II. The Double Meaning of “Mandatory”
In many contexts, a norm or rule of law is described as “mandatory” if it cannot be derogated from by private parties in their exercise of party autonomy. A mandatory rule, in other words, is one that the parties cannot, as the saying goes, “contract around.” Presumably a powerful public interest (including the need to protect weaker parties) justifies barring parties from ordering their affairs in a fashion contrary to the mandatory norm.
In other circumstances, a norm is considered mandatory in the sense that a court must apply that norm, even if the court, under the usual operation of its conflict of law rules, would ordinarily apply some other body of law (often referred to casually as “the otherwise applicable law”). The notion that a legal principle is so important as to displace the otherwise applicable law is often captured by the terms – such as the term loi de police in French – used to denote rules that are mandatory in this sense.

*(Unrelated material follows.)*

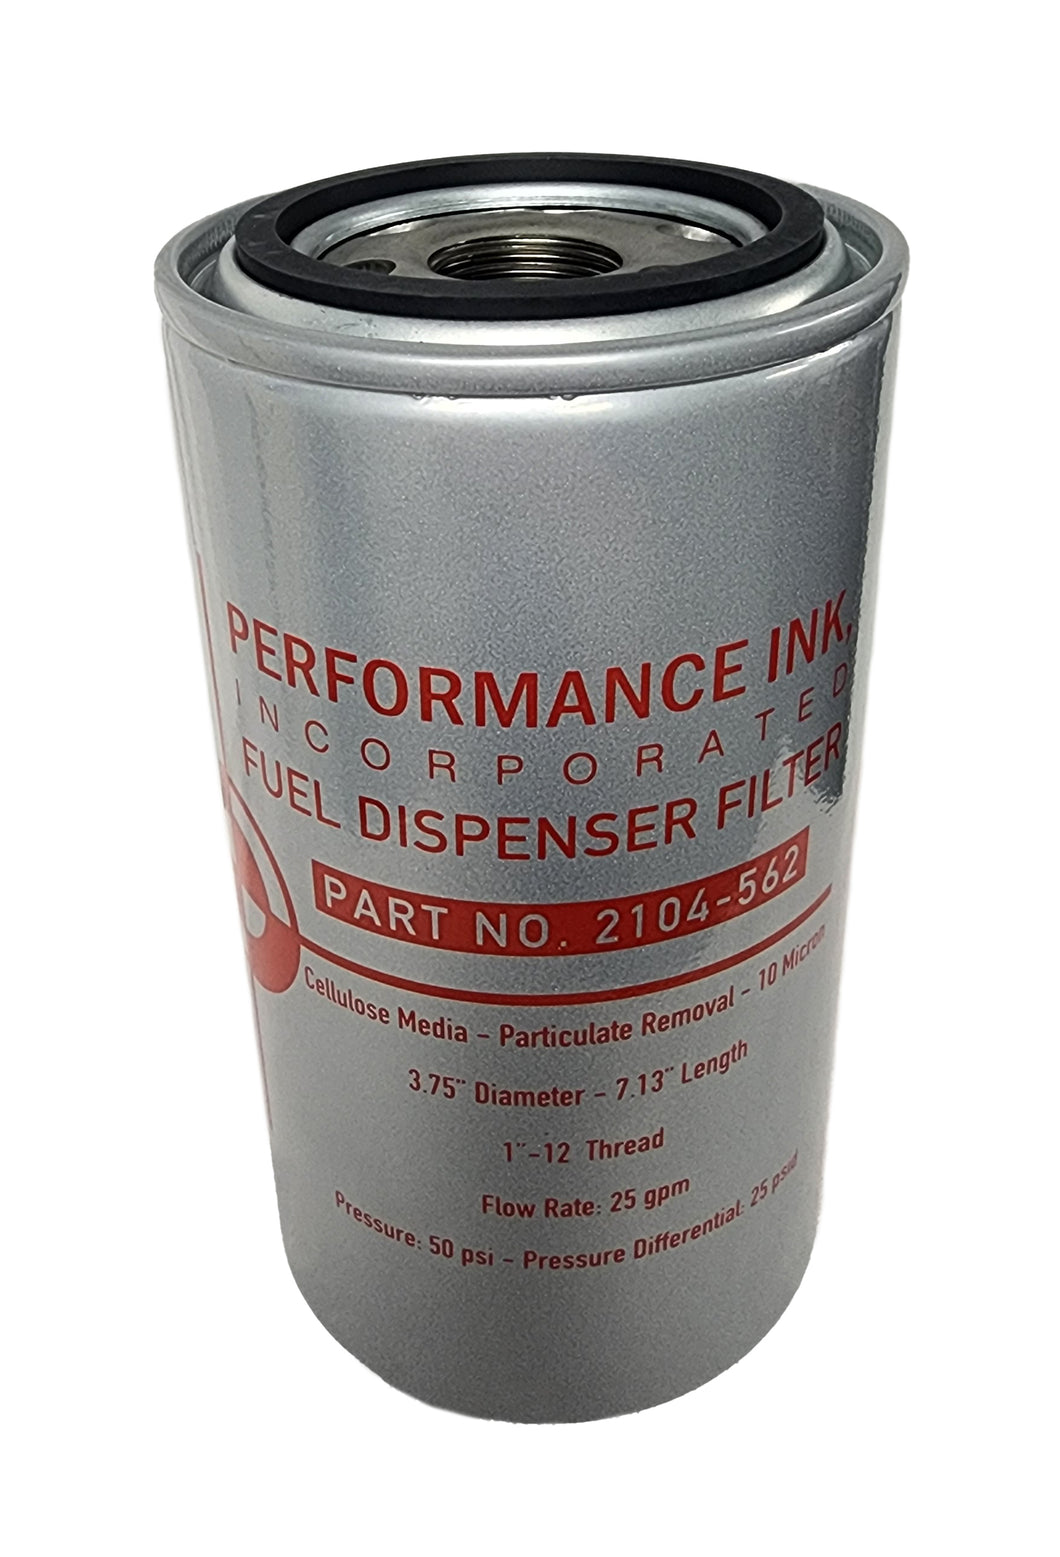 Performance Ink PI-2104-562, 10 Micron, 3/4

The close connection between these two usages of the term “mandatory” is easily understood. In international arbitration, as in private international law generally, the parties may by contract have designated a choice of law to govern disputes arising out of or related to that contract. The inclusion of a choice of law clause in a contract is very much an exercise of party autonomy. Since under virtually all jurisdictions’ conflict of law rules, courts are presumptively bound to respect an expression of party autonomy in the form of a choice of law clause, the law chosen by the parties is indeed “the otherwise applicable law.”